View Single Post
Old 03-19-18 | 07:19 PM
  #36  
Duo
Banned.
 
Joined: Aug 2009
Posts: 509
Likes: 37

Bikes: The Good Book of bicycling

Originally Posted by canklecat
Please be very careful with those. I'll try to summarize my usual 3,000 word diatribe against using these types of medications too often. But I've personally witnessed the devastating effects on my own family so I have a personal stake in this information.

These are all powerful anti-cholinergics. While this type of drug can serve a legitimate medical function it should be used only under medical supervision and never as sleep aids. These can hasten the onset of dementia and worsen the effects. The transition from responding normally to over-reacting to a single dose can occur unexpectedly. The older we get, the more dangerous the potential reactions.

For example, my mom ended up in the emergency room in 2012 after a single dose of a generic version of Nyquil. She had purchased this on her own at the local discount store, despite cautions from her geriatric general practitioner to take only the approved meds for allergies, congestion and coughing (mom's GP was fantastic and very well informed about potential side effects, better than some of mom's specialists). I usually scrutinized everything mom brought home from the store but I missed that one.

Those nighttime cough/cold/flu remedies are the worst kind of junk and should be labeled as poison rather than medicine. They contain at least three anti-cholinergics, all from the worst and lowest class of antihistamines and medications that should have been taken off the market years ago.

The combination created a potent hallucinatory effect on my mom. She never fully recovered. While she had days and sometimes weeks of relative clarity and independence, she began reacting more strongly and immediately to side effects from other medications. The worst was from a single dose of a medication prescribed by an ill-informed neurologist who, thankfully, is no longer with her health care system working with geriatric patients. The neurologist suggested the medication -- designed for patients with serious Parkinson's, which my mom did not have -- to control her minor but annoying essential tremor in one hand, which was inappropriate. She again hallucinated, this time for three days. The experience rapidly hastened her deterioration and should could no longer enjoy the independence she once had.
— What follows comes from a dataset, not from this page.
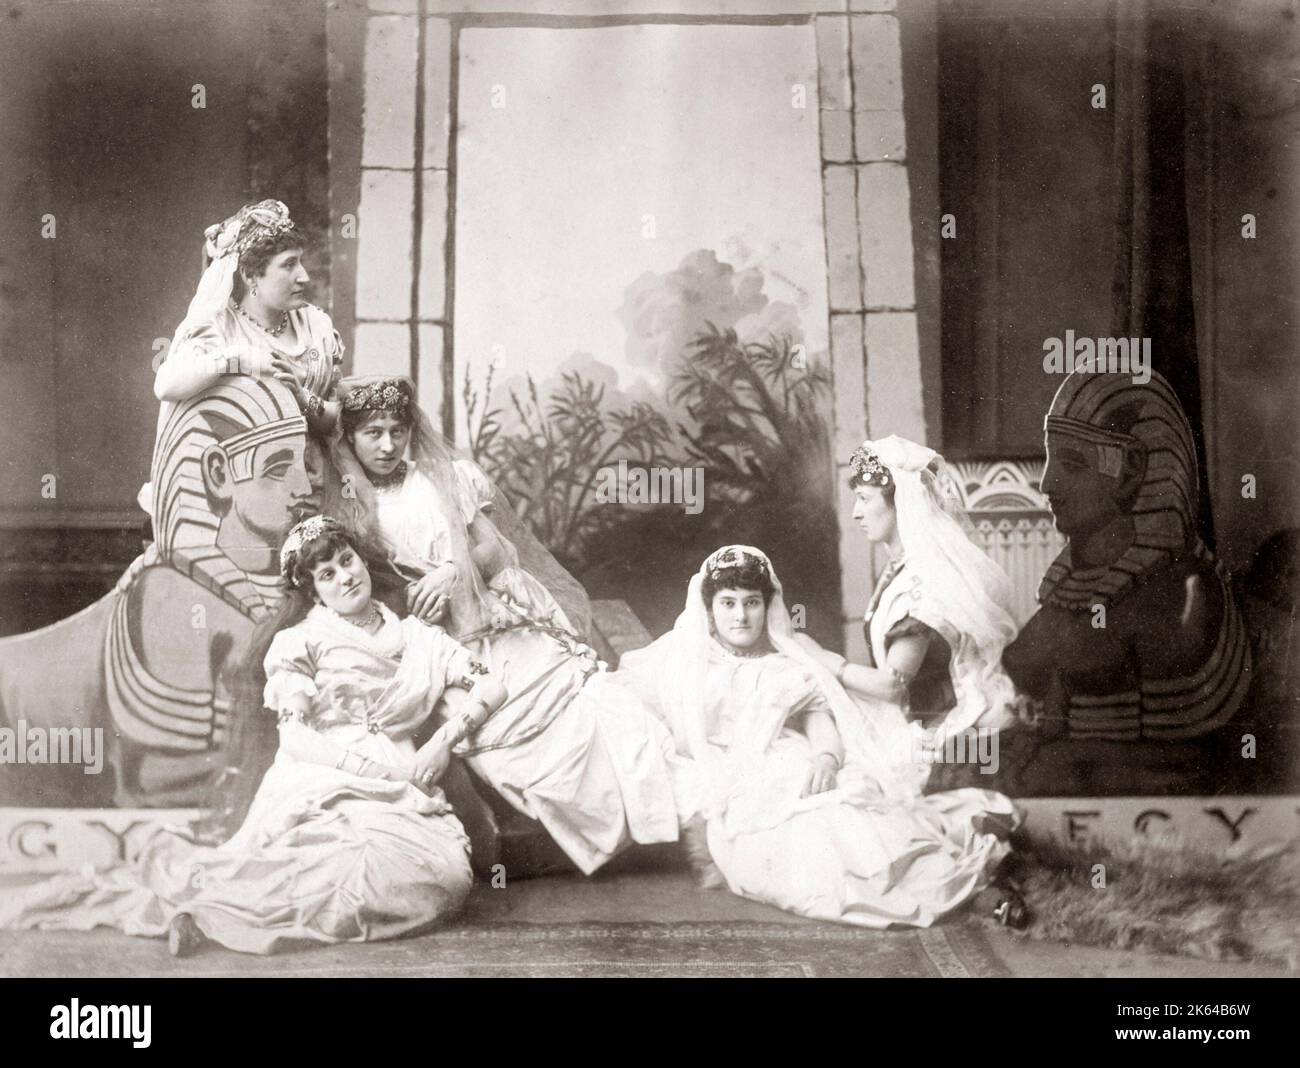 Retrato de grupo de mujeres europeas en configuración egipcia clásica, Egipto, c.1880's Foto de stock

It was a frustrating experience for her and her visiting aides as well. Eventually we couldn't keep a visiting aide. I took over full time caregiver duties in early 2015. She's now in a nursing home full time. Doctors can find nothing organically wrong with her brain. She's had only a few minor TIAs -- mini-strokes -- not serious enough to account for the level of dementia. But I could recount for the specialists an incident-by-incident list of medications that precipitated her worsening dementia over the course of a decade.

And it began with careless use of OTC anti-cholinergics, including diphenhydramine, doxylamine succinate, chlorpheneramine, phenylephrine and others. And the prescription medication benztropine/benzatropine, often marketed as Cogentin.

To a lesser extent my grandmother had a similar experience. She insisted on routinely taking diphenhydramine and Unisom with doxylamine succinate as sleep aids. The effect on her was much more gradual. She simply slowed down very gradually, sleeping more, becoming less active, taking longer to finish the daily crossword puzzle, then not finishing it at all. She became unable to cope with routine bill paying, etc. I simply thought it was a routine process of aging.

She had surgery for a lower intestine biopsy at age 89 and never recovered. She hallucinated from the combination of anesthesia and morphine for pain and never fully recovered mentally or physically. She was unable to cooperate with basic physical therapy, was unfortunately neglected by nurses in an incompetent physical rehab center, and died a few months later in-home hospice.

While the effects were less severe than with my mom, I can't help wondering whether grandmother would have been better off using melatonin, valerian root or chamomile tea.

Frankly I'd rather lose some sleep than risk taking anti-cholinergics. Occasionally I'll take melatonin, and find I need less of it as I've gotten older.
well still begs the question: are there any OTC anti hystemines we can use for a cold that would be safe?

i use diphenhydramine when congestion hits during a cold, well now what?